Среди них первая - забота о физическом здоровье правящей верхушки, «вождей» - в особенности. Это определяло особое внимание к кардиологии и, позже – гериатрии. Помимо заботы о здоровье вождей, на первом плане находились задачи сбережения собственной власти. На внутреннем фронте для этого было достаточно обычного доносительства, слежки, провокаций и массовых безнаказанных репрессий, а также сравнительно недорогих средств подслушивания и подсматривания. А вот внешняя угроза ставила куда более дорогостоящие задачи и в том числе сложных научных разработок. Опять-таки, малообразованному руководству страны были куда понятнее простые идеи заимствовать (купить, украсть) наиболее современные образцы техники и вооружений и размножить их в недоступном конкурентам масштабах.

Удачной операцией стало, например, приобретение под видом сельхозтракторов двух танков конструкции американского инженера Кристи. Они стали прообразом целой серии таких советских изделий, в том числе классического Т-34, выпущенного в умопомрачительных количествах. "Цельнотянутым" был и бомбардировщик Ту-4 - точная копия американского В-29, и, страшно сказать – первая советская атомная бомба – тоже копия, и тоже американской...

С собственными разработками получалось труднее.

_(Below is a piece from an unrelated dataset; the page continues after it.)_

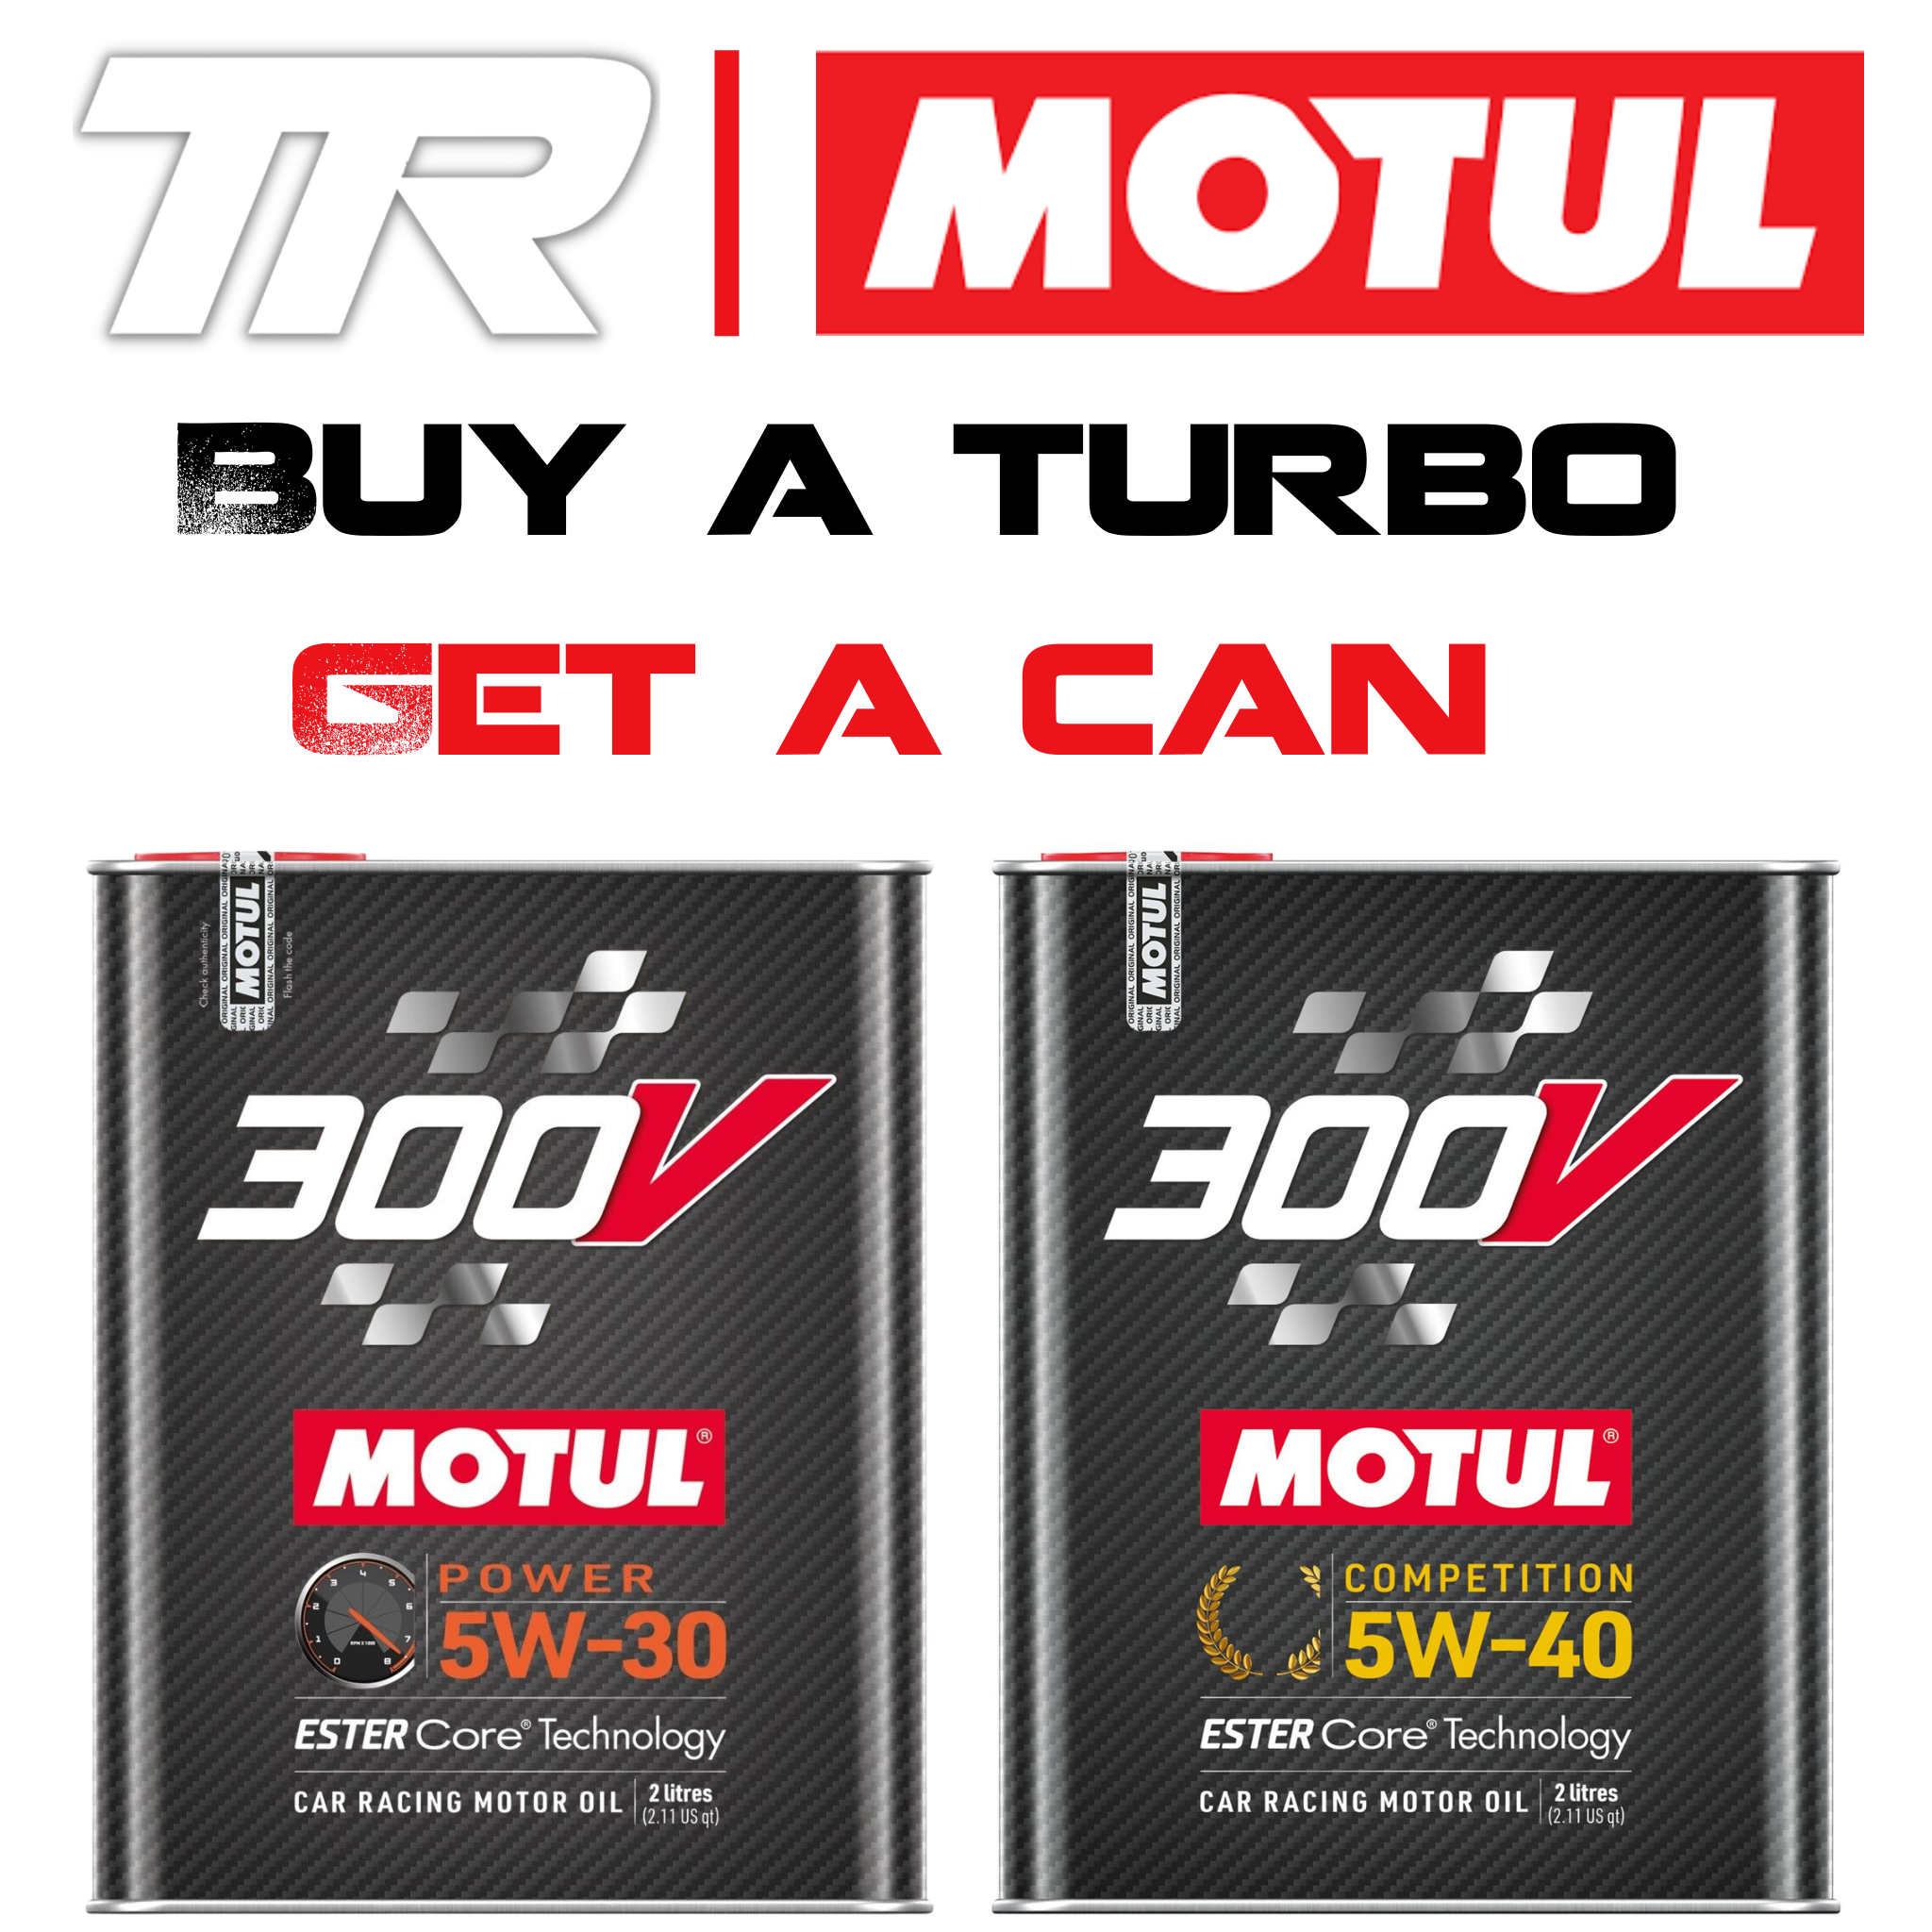 TR Sigma Turbo for Mitsubishi Evolution X and Motul 300V Power &  Competition

В романтический период революции в Питере и Москве возникли группы ракетчиков, соответственно, Газодинамическая лаборатория (ГДЛ) и Группа изучения реактивного движения (ГИРД). Характерно, что московская еще расшифровывалась как «Группа инженеров, работающих даром». На определенном этапе их усилия были объединены под крышей РНИИ – Реактивного научно-исследовательского института, поддержанного маршалом Тухачевским. Затем большая часть новаторских разработок ракетной техники была уничтожена вместе с маршалом. Та же участь постигла и большую часть разработчиков, а уцелевших перебросили либо на лесоповал, либо, в наилучшем случае, в тюремное бюро Туполева. В сухом остатке были только авиационные ракеты для истребителей, которые были позже перешиты в мины для «Катюш».

Только наглядные успехи Фау-2, зенитных ракет Вассерфаль и реактивных самолетов Мессершмитта заставили советское руководство почесаться, освободить в конце войны из тюрем своих конструкторов, тех же Глушко и Королева (но реабилитирован первый был в 1956 году, а второй - только 1957-м), и возобновить исследования в этой области. Но это уже были не оригинальные пионерские проекты довоенных времен, а копирование немецких разработок. И лишь после их завершения, советские ракетчики смогли проявить собственные творческие способности, конечно, обогащенные опытом работ по Фау.

Впоследствии Советское правительство уберегло своих ракетчиков от мировой славы и лавров Нобелевских лауреатов, объявив, что автором космических достижений является весь советский народ. [Правительство СССР отказалось сообщить Нобелевскому комитету имена авторов космического корабля «Восток» то ли блюдя секретность, то ли опасаясь, чтобы конструкторы о себе не слишком возомнили. Пишут, что Королев это переживал до самого конца жизни, как и сохранял опасения, что снова ворвутся ночью и скомандуют «собирайся, падла!»].

Сталинские эксперименты

Судьба авиационных, артиллерийских, корабельных и прочих специалистов сложилась похоже – многие из них оказались других тюремных КБ. Это был сталинский эксперимент, творчески развивающий идею, реализованную впервые в начале 30-х на учителе моего отца профессоре Л.К.Рамзине. Леонид Константинович начал разработку своего прямоточного котла под смертным приговором по процессу вымышленной следствием Промпартии, замененным на 10 лет заключения. Имелось в виду проверить какова будет продуктивность конструкторских работ, когда людей ничто не отвлекает – семья, развлечения, подработки и интриги. И как влияют на результат стимулы в виде отправки из шарашки в тайгу и, наоборот, условно-досрочное освобождение. Иногда – временное.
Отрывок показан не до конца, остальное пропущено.